26 de julio: el grito

Si una imagen vale más que mil palabras, en esta época de las redes sociales un video vale más que mil estadísticas. La opinión pública que había permanecido pasiva e insensible frente a la matanza de los líderes sociales, defensores de derechos humanos y exguerrilleros desarmados, reaccionó con indignación frente al video del niño que grita desconsolado frente al cadáver de su madre recién asesinada.

Desde enero de 2016 se registran 872 asesinatos relacionados con el postconflicto: 702 líderes sociales y defensoras de Derechos humanos, 135 ex guerrilleros de las Farc y 35 de sus familiares, incluyendo un bebé de 6 meses. Pero son estadísticas frías, noticias rutinarias que no conmueven a un país narcotizado –en todos los sentidos de la palabra- frente a la sangre derramada.

El video del grito doloroso del niño le puso rostro a esta tragedia. Su madre era María del Pilar Hurtado, una líder social del Cauca, que había tenido que salir de su pueblo por amenazas tras denunciar las “casas de pique” de narcos y paramilitares. Fue a esconderse de la muerte en Tierralta, Córdoba, pero hasta allá la alcanzó, ahora por exigir tierra y vivienda para los desplazados.

El mundo entero reaccionó, con la excepción del silencio cómplice del señor Almagro que prefiere callar para asegurar su reelección a la secretaría de la OEA. La sociedad civil convocó una gran manifestación para el 26 de julio para exigir que paren la masacre. Este es el texto de la convocatoria en la que tenemos que participar para acompañar el grito de los huérfanos:

 “Un video que muestra el angustioso llanto de un pequeño niño ante el cadáver de su madre, María del Pilar Hurtado, ha suscitado una ola de dolor e indignación en el país. María del Pilar era lideresa social, víctima de desplazamiento forzado al tener que dejar su natal Puerto Tejada, Cauca, y revictimizada cuando reivindicaba el derecho a la vivienda en Tierralta, Córdoba.

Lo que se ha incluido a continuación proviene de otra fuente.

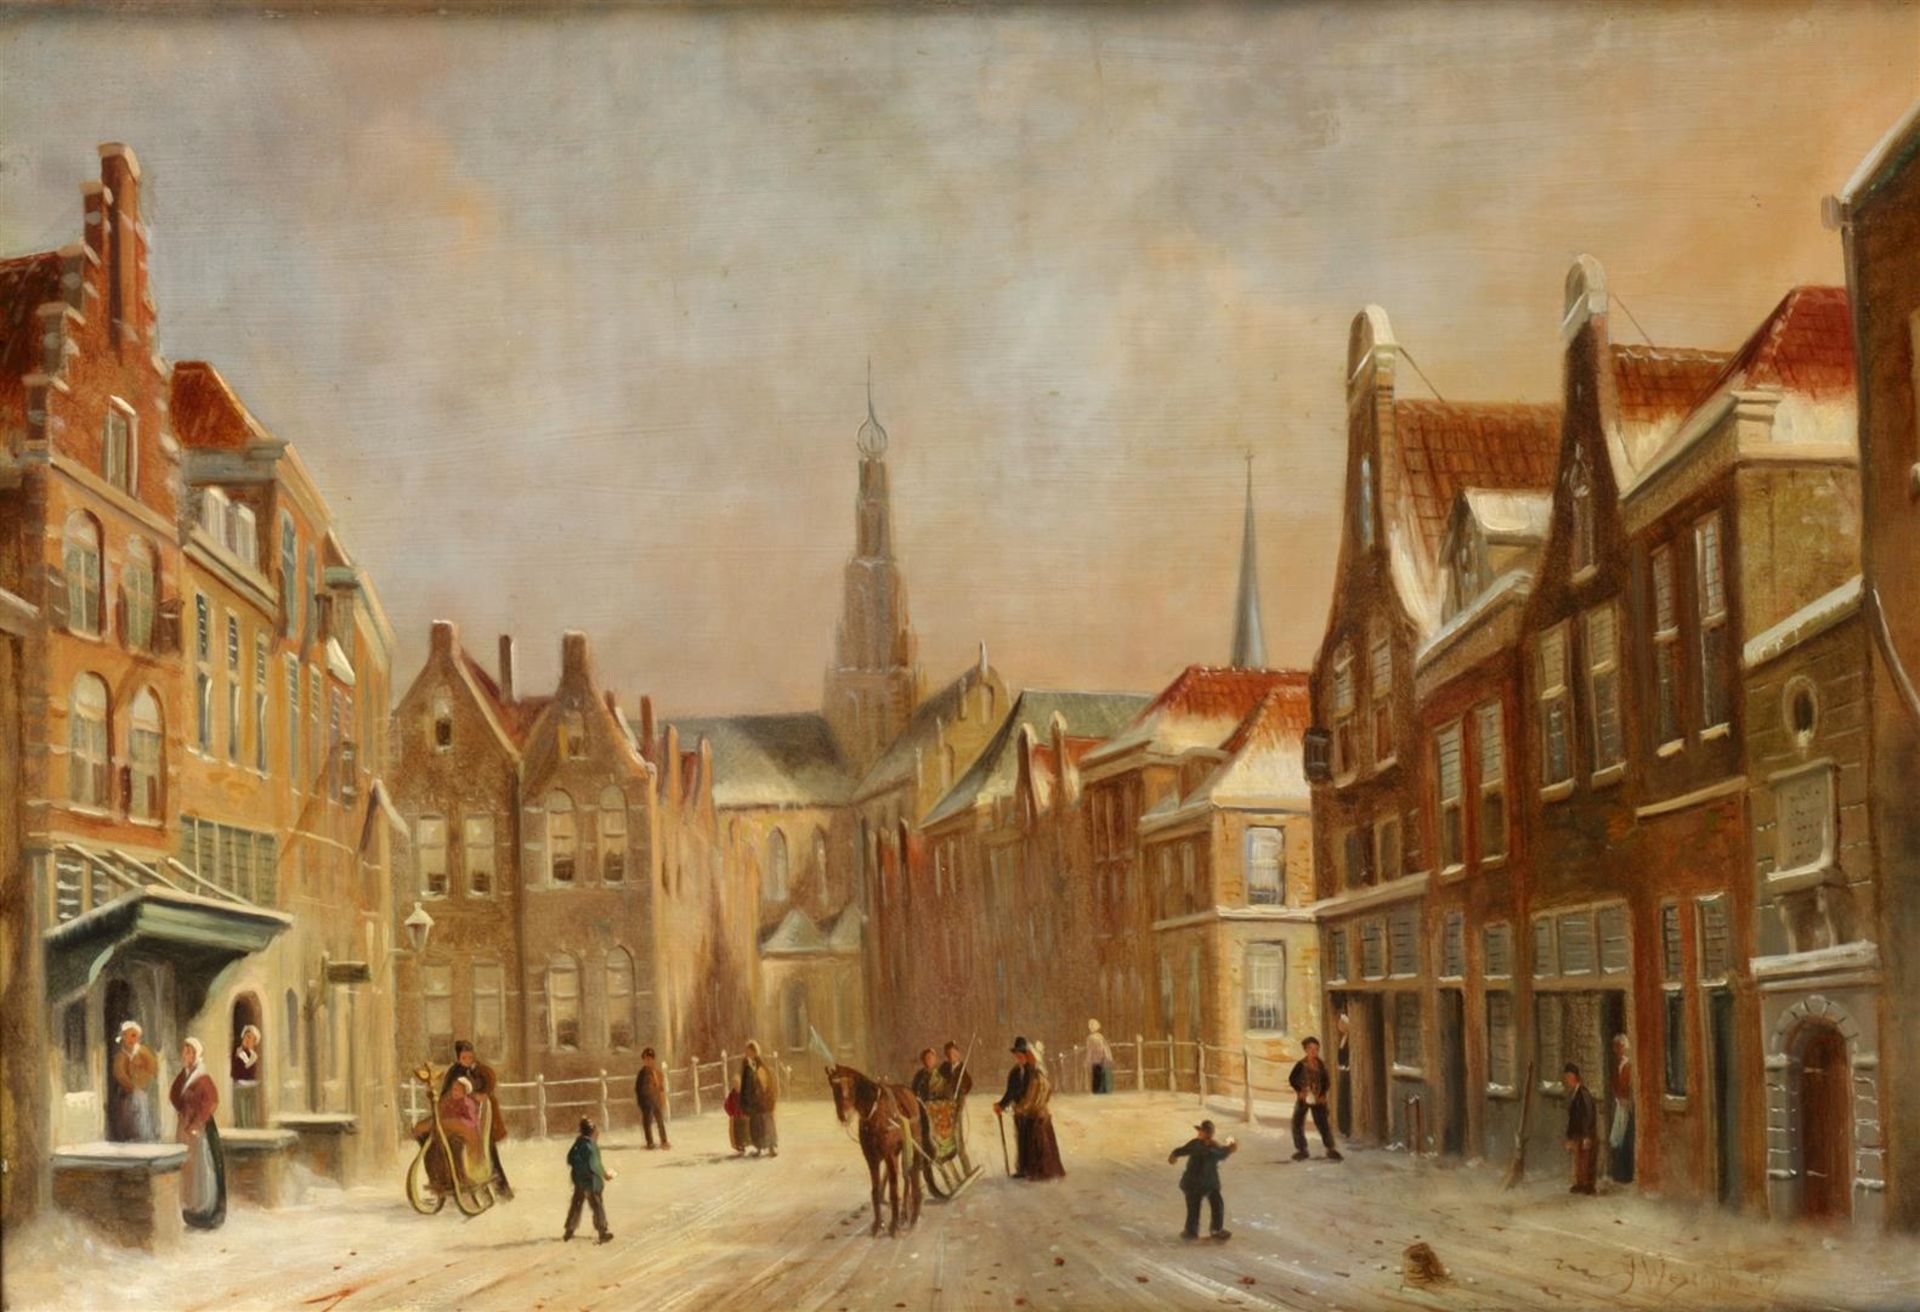 After P.G. Vertin, View of Haarlem in Winter.
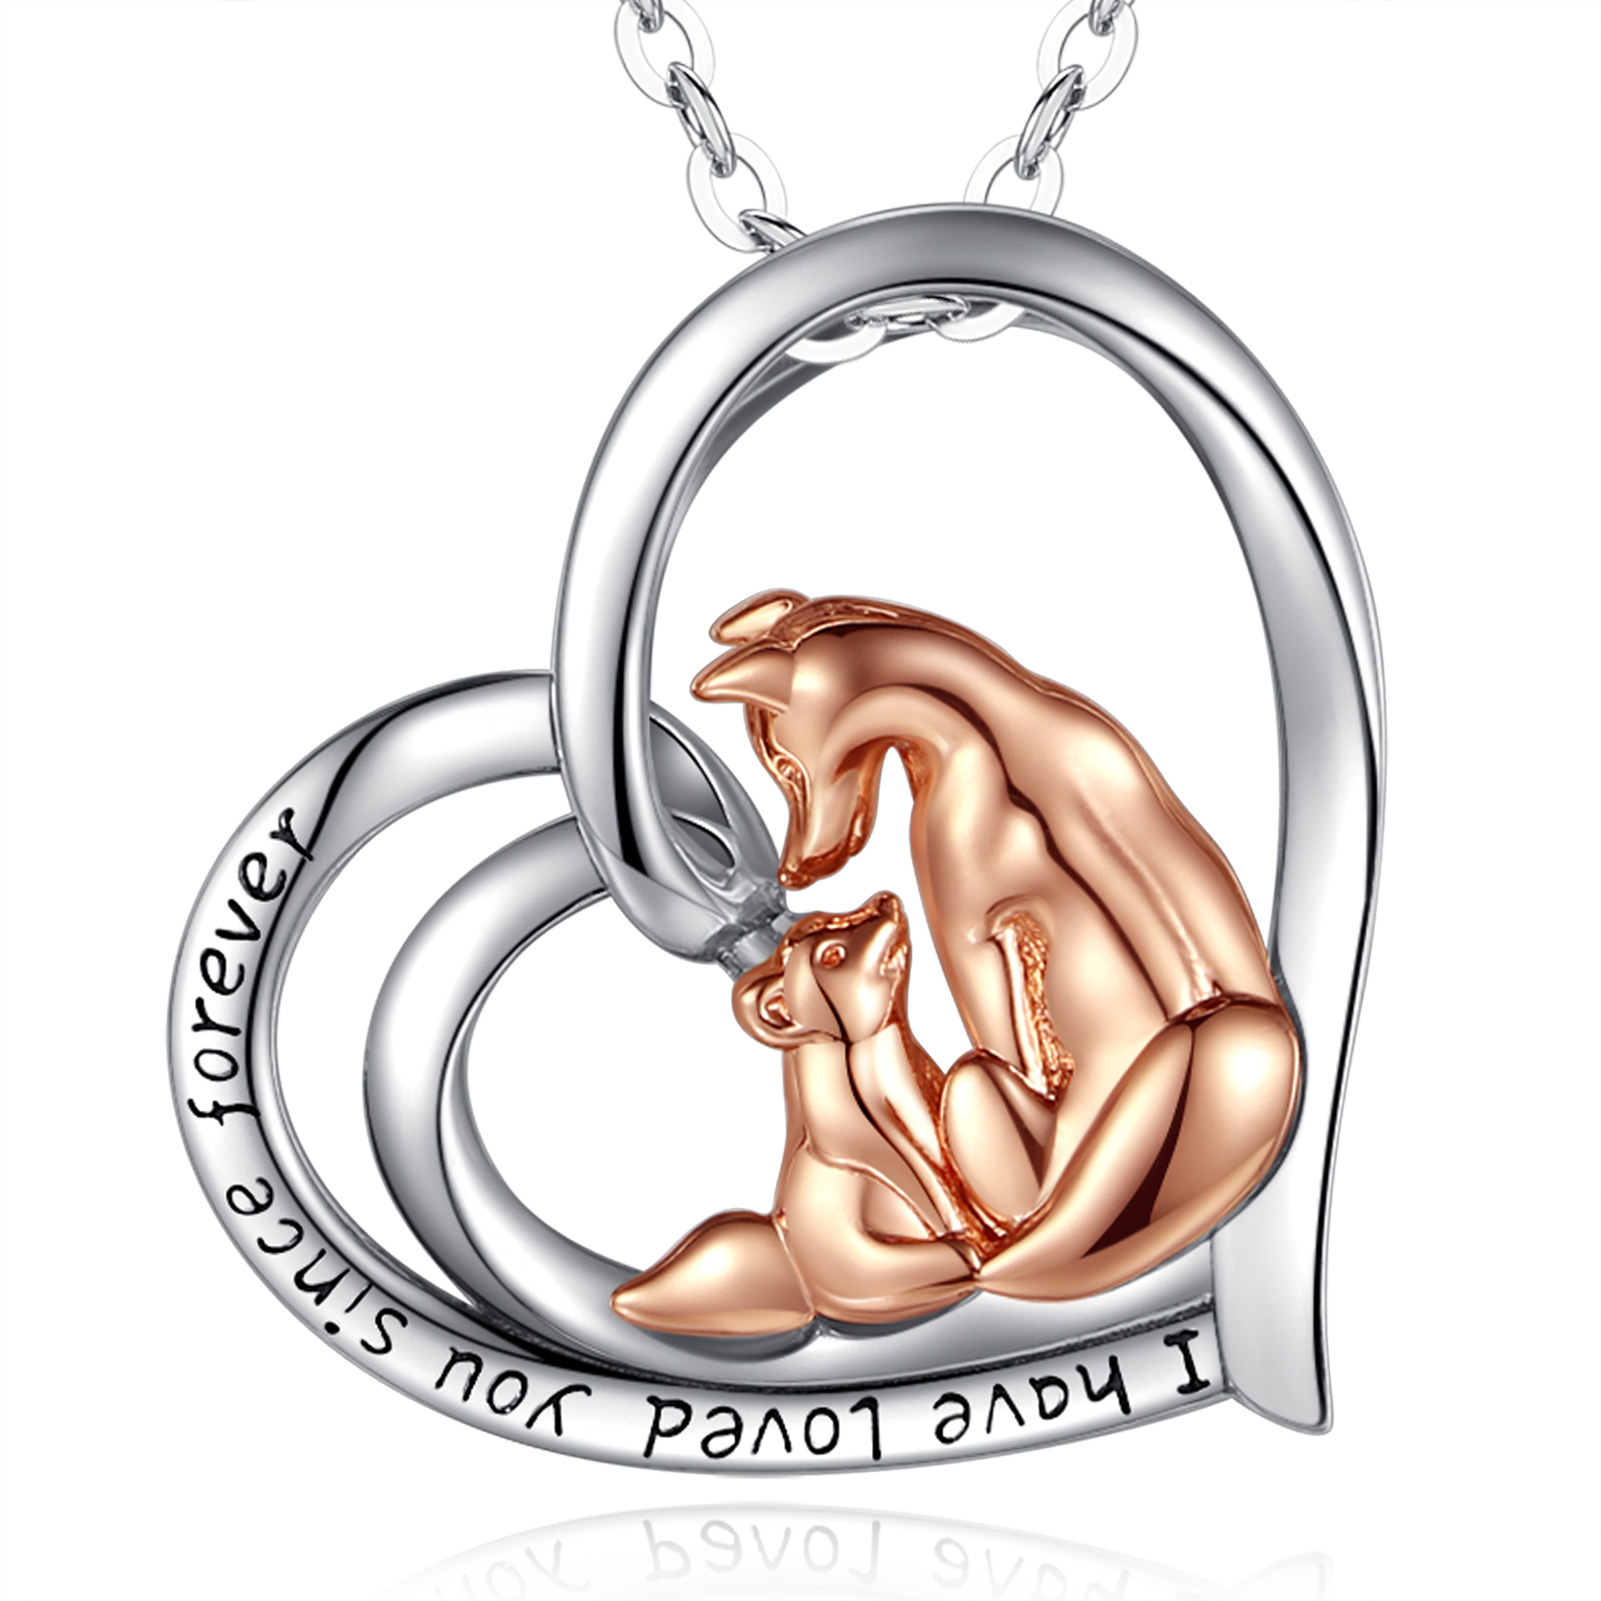 Merryshine Jewelry High Quality S925 Sterling Silver Fox Mother and Baby Heart Pendant Necklace

Su historia simboliza la de cientos de personas que, como ella, han sido asesinadas en los últimos años por defender los derechos de las comunidades rurales a la vida digna, a la preservación de sus territorios, a la protección de los ecosistemas y del agua, al cumplimiento del Acuerdo de Paz y a la restitución de tierras.

Este baño de sangre debe terminar. Es imperativo que se emprendan las acciones necesarias para acabar con estos asesinatos, garantizar la presencia integral de las instituciones del Estado en los territorios y poner en marcha la protección efectiva de la vida de estas personas.

Llamamos a nuestros compatriotas a que el 26 de julio salgamos a las calles y plazas, en Colombia y en el exterior, para rendir homenaje a los líderes y lideresas sociales y para exigir que se ponga punto final a estos crímenes. Invitamos a los medios de comunicación, a los partidos políticos, a las iglesias, a los gremios empresariales, a las universidades, a las organizaciones sociales, y a la ciudadanía en general a respaldar y promover esta iniciativa.

Las niñas y los niños de Colombia merecen que persistamos en nuestro esfuerzo de paz para lograr que ni uno más tenga que llorar su orfandad”.